* INFORMATION SHOWN:
• • • • •
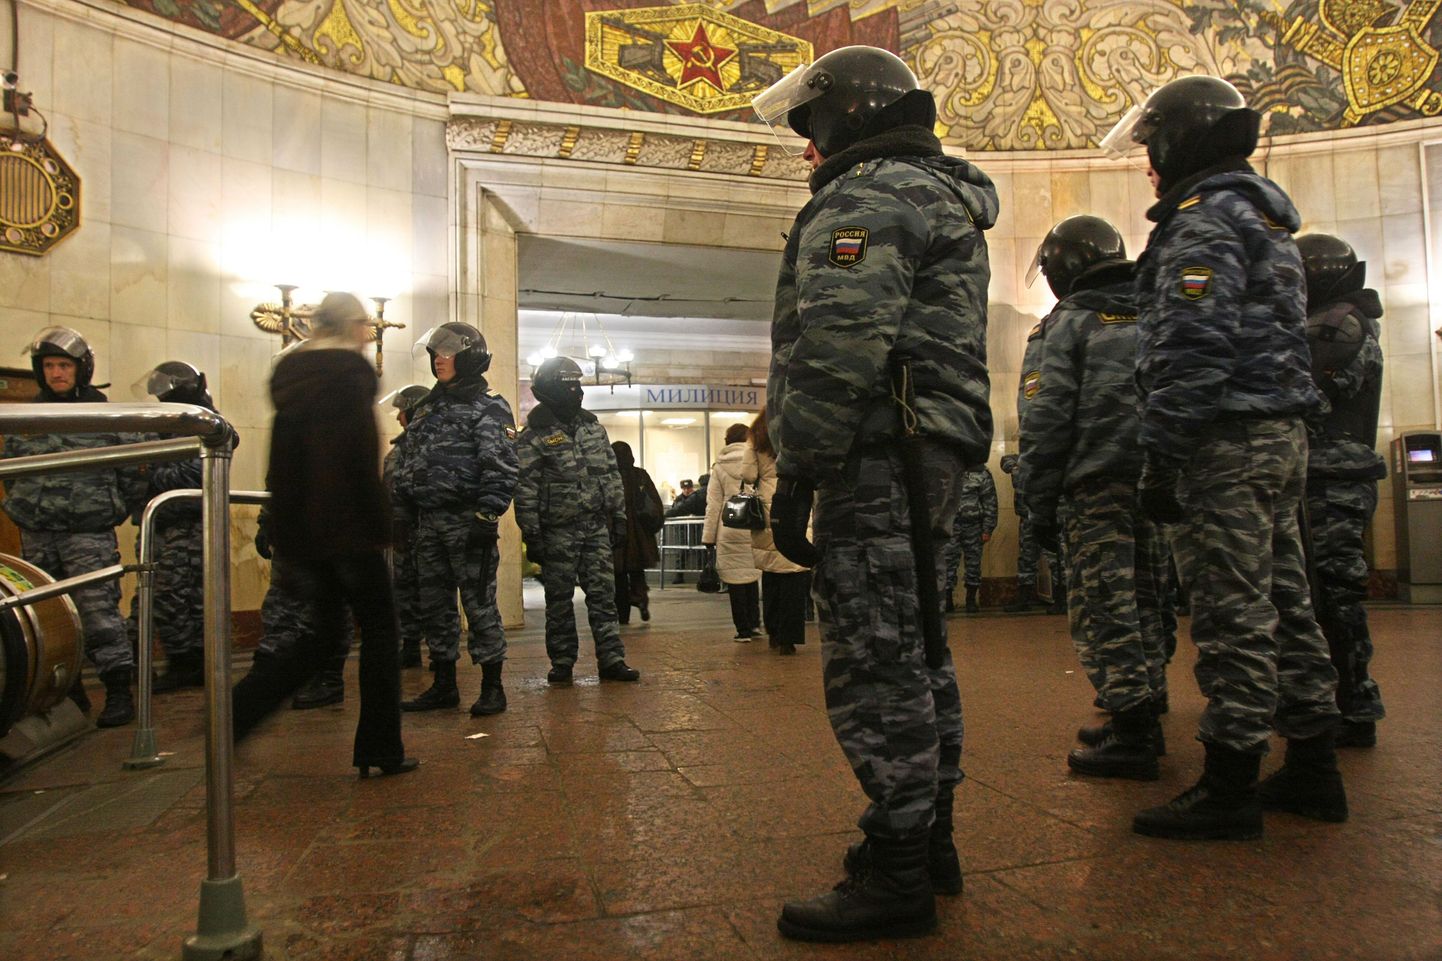 Märulimilitsionäärid Moskva Smolenskaja metroojaamas.
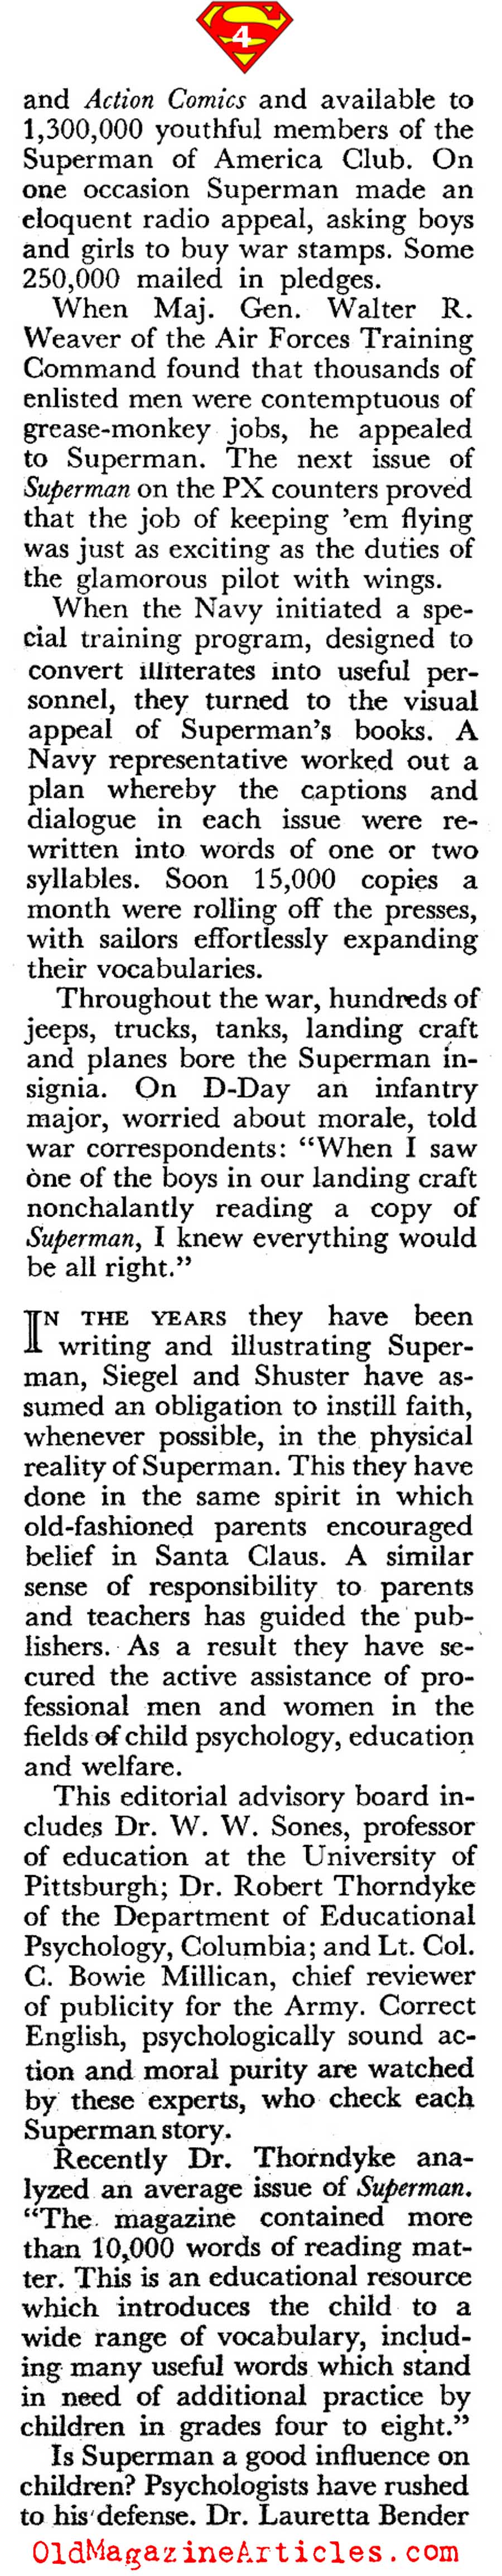 It's Superman! (Coronet Magazine, 1946)
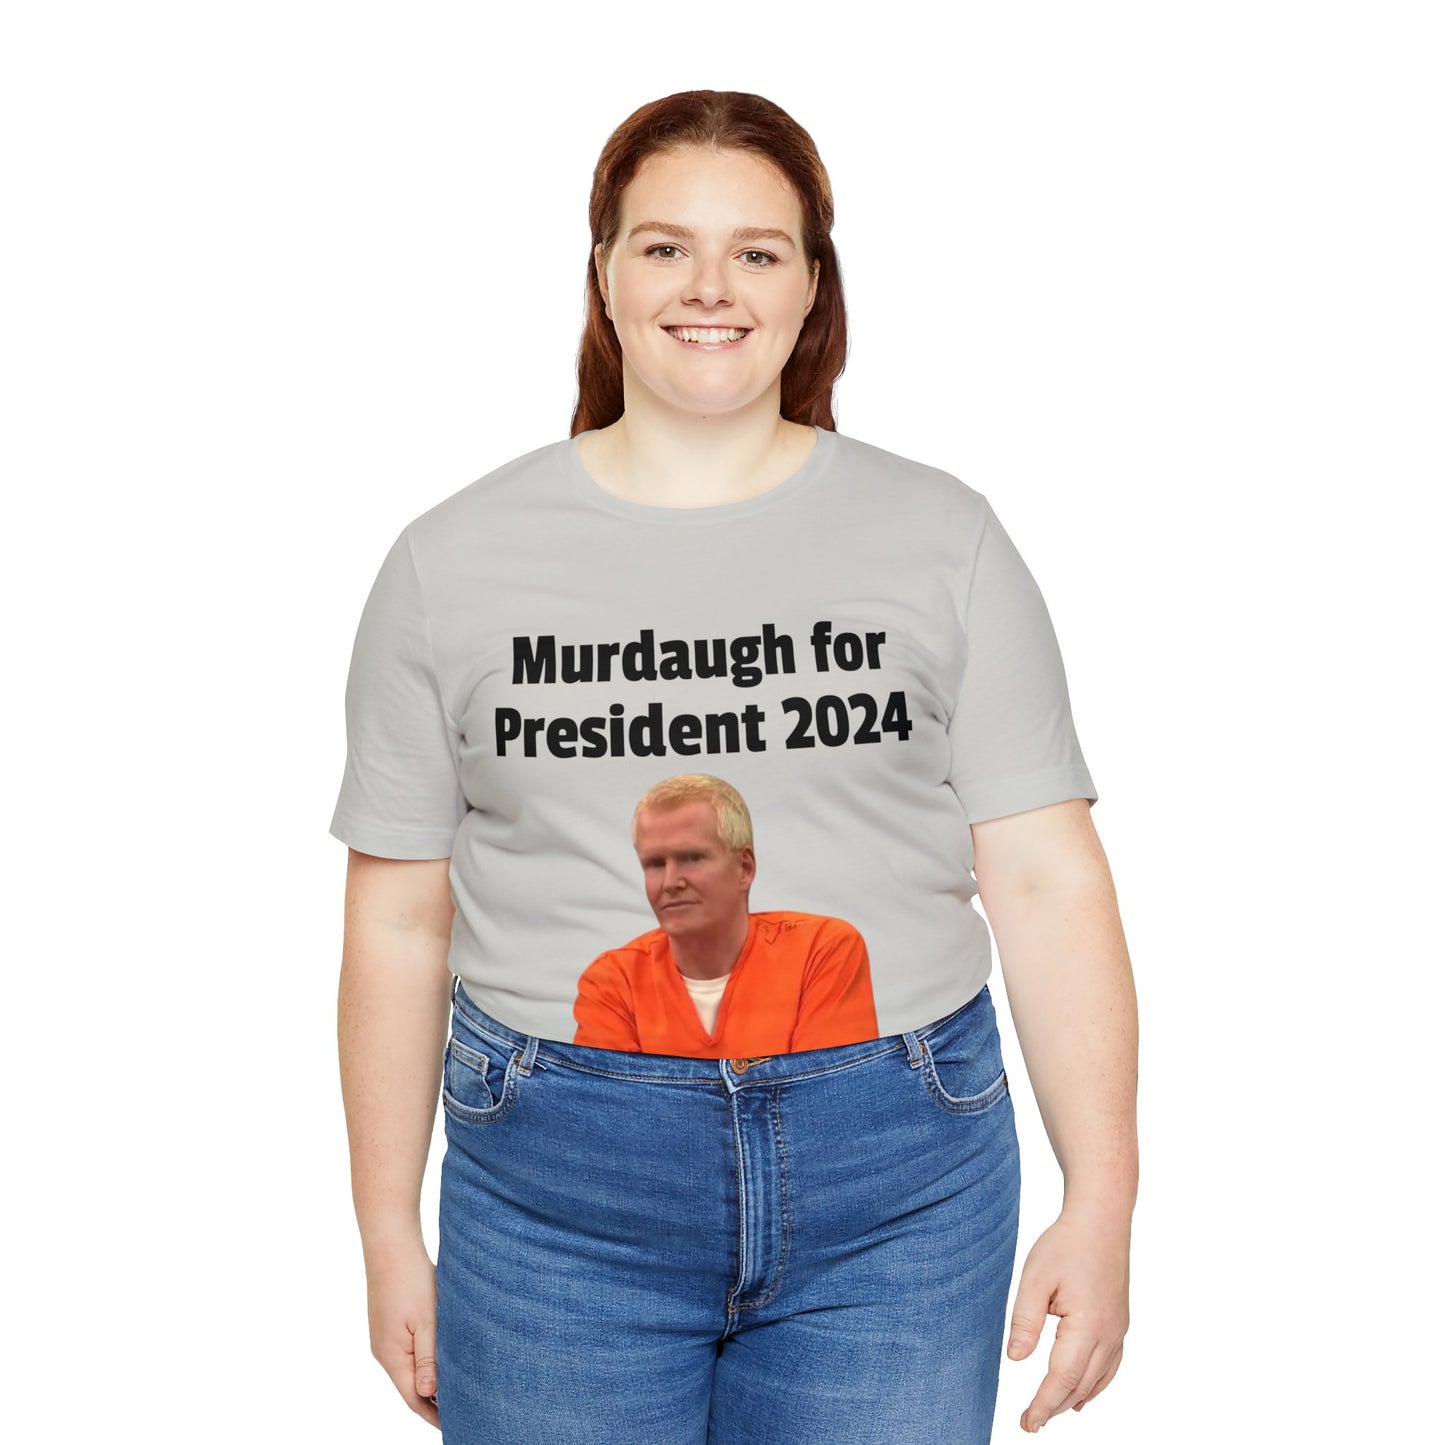 Murdaugh for President 2024
• • • • •
* WHAT THE TASK REQUIRES:
Write every line above again exactly, but leave the pictures out.

* TASK SOLUTION:
 Märulimilitsionäärid Moskva Smolenskaja metroojaamas.
 It's Superman! (Coronet Magazine, 1946)
 Murdaugh for President 2024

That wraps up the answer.